– Я говорил, что он человек… противоречивый, – с досадой ответил Иван Павлович, явно недовольный тем, что я вмешался, или, точнее бы сказать, втиснулся в их и без того тугие отношения и стал невольным свидетелем его унижения отказом князя принять его, которое, возможно, он хотел бы скрыть. Доселе вежливость сдерживала его, но лишне говорить, что от тонкого вопроса его, хорошо ли прошёл собственный мой визит, я поскорее отделался невразумительными похвалами скифам и шерстистым носорогам.
Всё это не могло не испортить прощания. В который уж раз пожалел я о своём любопытстве, но поделать ничего не мог.
И другая загадка не разрешилась. Я обнаружил бывший дом князей Прозоровских давно проданным, что оставляло наследство Артамонова для меня совершенно неопределённым.
Но всё же в день славных апостолов Петра и Павла, отстояв обедню и молебен о путешествующих, я передал последние письма родным со своим дядькой и приятельски простился с провожавшим меня Прохором. В тщательно скрываемых глазах его читалось удовольствие от заключённого со мной уговора; «вляпался в кабалу», – фальшиво крякнул он и почесал в затылке, получив проездные и квартирные на первое время. От уговора он, без сомнения, ожидал ещё больших выгод, ибо, кажется, практический ум свойствен всему без исключения населению юга, возглавляемому самым практическим из наместников. Итак, ему предстояло ждать долгого ответа из инстанций, мне же с грустью сознавать, что отныне единственной моею ниточкой для связи с княжной Анной оставался неведомый в тумане восточных легенд Бейрут, который называл я ей по-евангельски Виритой, но не из благочестия, а лишь хвастаясь своими никчёмными книжными познаниями.
Непременно требовалось мне поделиться с кем-то своими переживаниями и тревогами, и не находилось лучше человека, чтобы оказать мне духовный совет и поддержку, чем добрый друг Стефан. Одна половина сердца моего трепетала уже в Константинополе, под сводами долгожданной Святой Софии, в обществе ставших мне близкими поклонников, другая же устремлялась по гладям вод великого моря вдогонку милой княжне.
Орошаемый влагой переменчивых ветров, звенящих в парусах изящного брига, украшенного носовой фигурой Афродиты, перебирал я в уме то, что знал о землях, на которые вскоре должен ступить.

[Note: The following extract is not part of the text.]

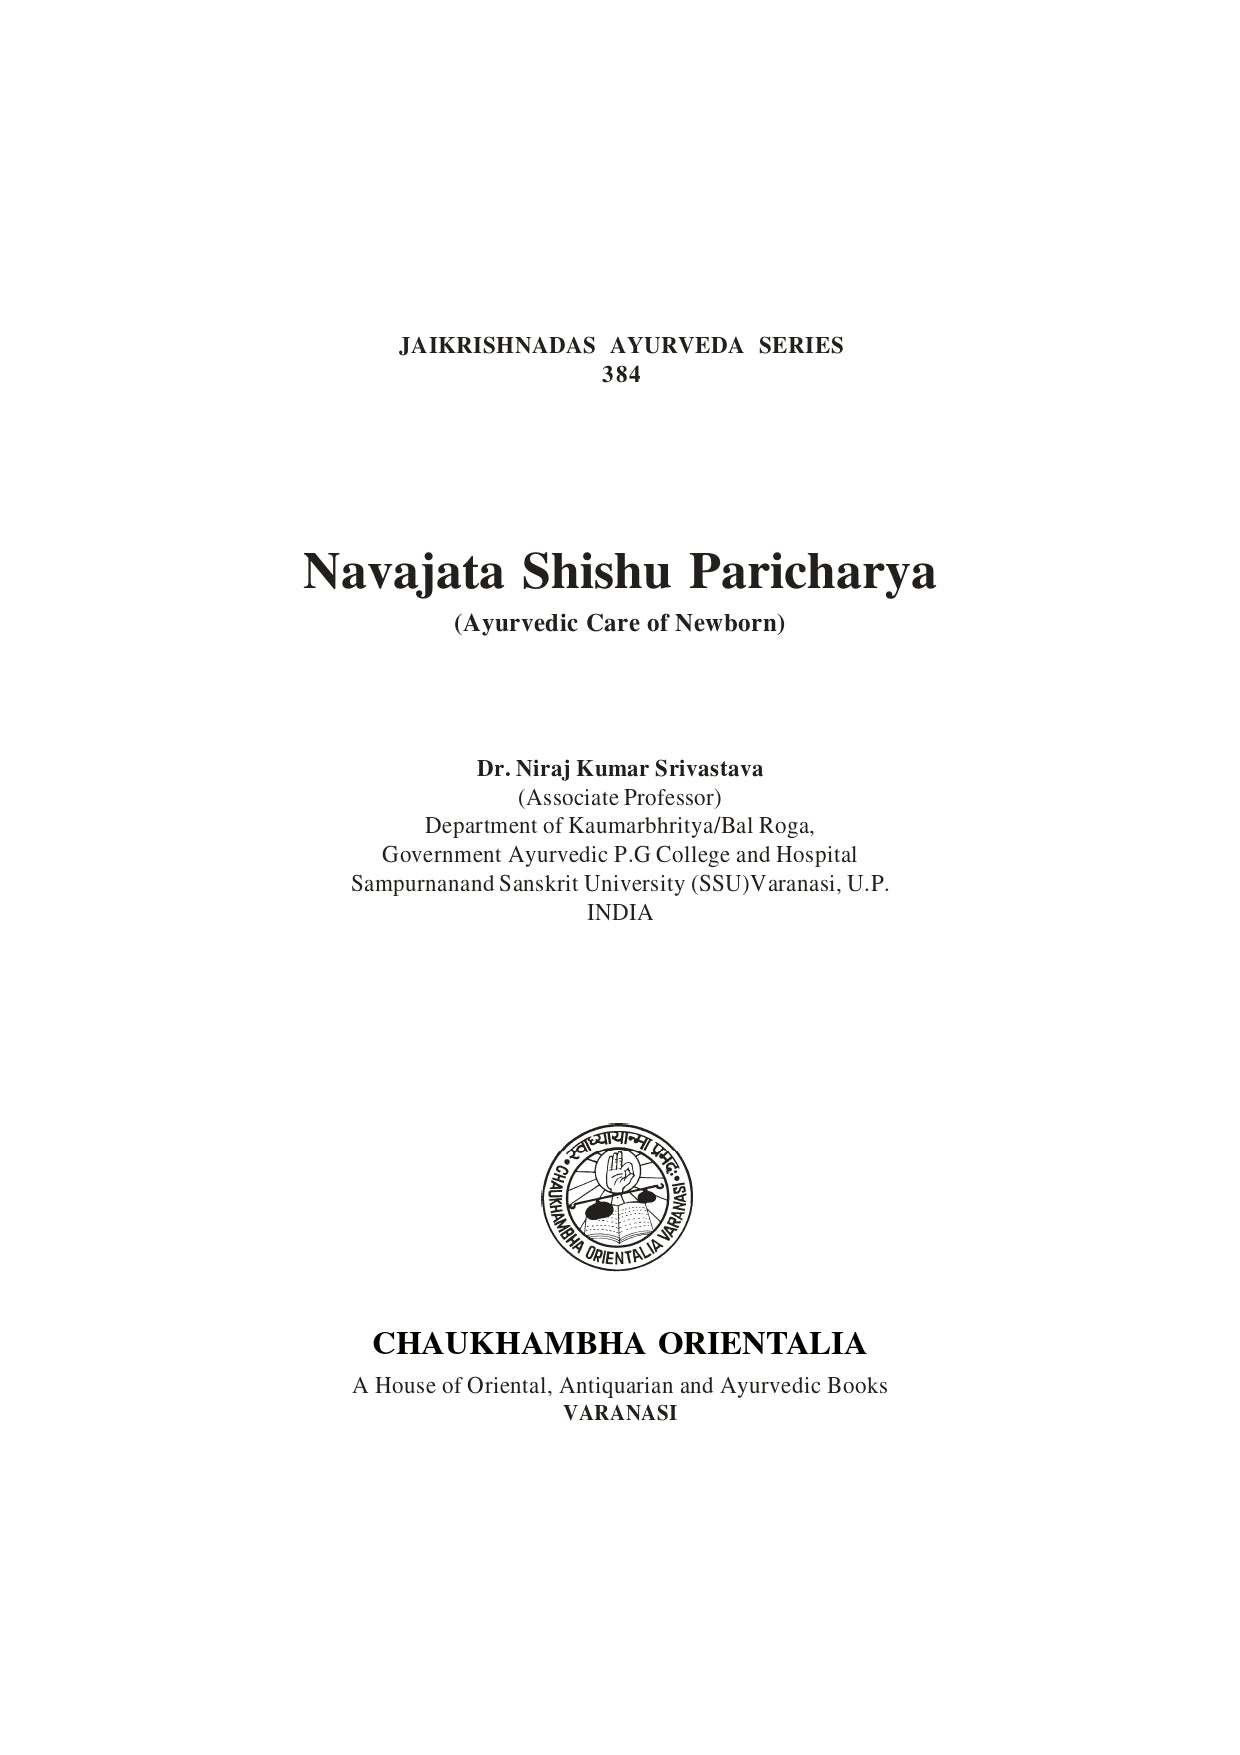 Chaukhambha Orientalia Navajata Shishu Paricharya (Ayurvedic care of newborn)

Вспомнился как-то сам собой и греческий проект Екатерины Великой, и отголосок ему в стихах державного поэта:
И вторил им несчастный романтик Байрон, бросившийся в самое жерло иного, позднего проекта, восстания, имевшего мало возможностей победить без помощи союзного оружия. Много, много радости доставило бы ему провозглашение независимой Греции, наследницы Эллады и Византии, страны – уже не империи, начавшей истинное своё возрождение с протектората Семи Островов, основанного вежливым визитом эскадры славного Ушакова на Корфу.
Конечно, многое читал я об империи османов, и нередко презрение или ненависть служили мне проводником и учителем не лучшего свойства, да и баснословия сочинителей, избиравших одни лишь отвратительные слухи и тёмные вымыслы о тамошней жизни, не способствовали познанию правды. Сводки морских сражений у Наварина и залпы пушек при Эдирне заменяли мне географические курсы, но всё же, худо или бедно, чувствовал я в себе готовность к встрече с чужой землёй. Замо́к злосчастного Константинова града, запиравший для нас путь к земле Спасителя, но сломанный, наконец, доблестью русского оружия и дипломатией настойчивого Нессельроде, ждал меня впереди если не объятиями единоверного друга, то поклоном почтительного слуги. По заключении чрезвычайно выгодного Адрианопольского мира, не только вражды не могло ожидаться в столице недавно поверженного противника, но даже и доли вероломного восточного подобострастия.
Помимо выданного мне в помощь полного дипломатического описания сношений с Турцией, под которым обнаружил я авторство своего однокашника Кошелева, с собой я имел немало путеводителей, большею частью французских, но не удосужил их чтением в дороге. Куда милее моему сердцу, расстававшемуся с Отчизной на долгие годы, показались бесхитростные записки Шереметьевского крестьянина Кира Бронникова о святых местах Европы, Азии и Африки, и путевые заметки иеромонаха Мелетия, тем особенно ценные, что узреть Храм Гроба Господня, как посчастливилось ему, в его древнем виде до ужасающего пожара 1808 года, мне уже было не суждено. И тем похвальнее, вывел я, дальновидное усердие патриарха Никона, повторившего первоначальные черты церквей Голгофы пред возвеличиванием славы третьего Рима.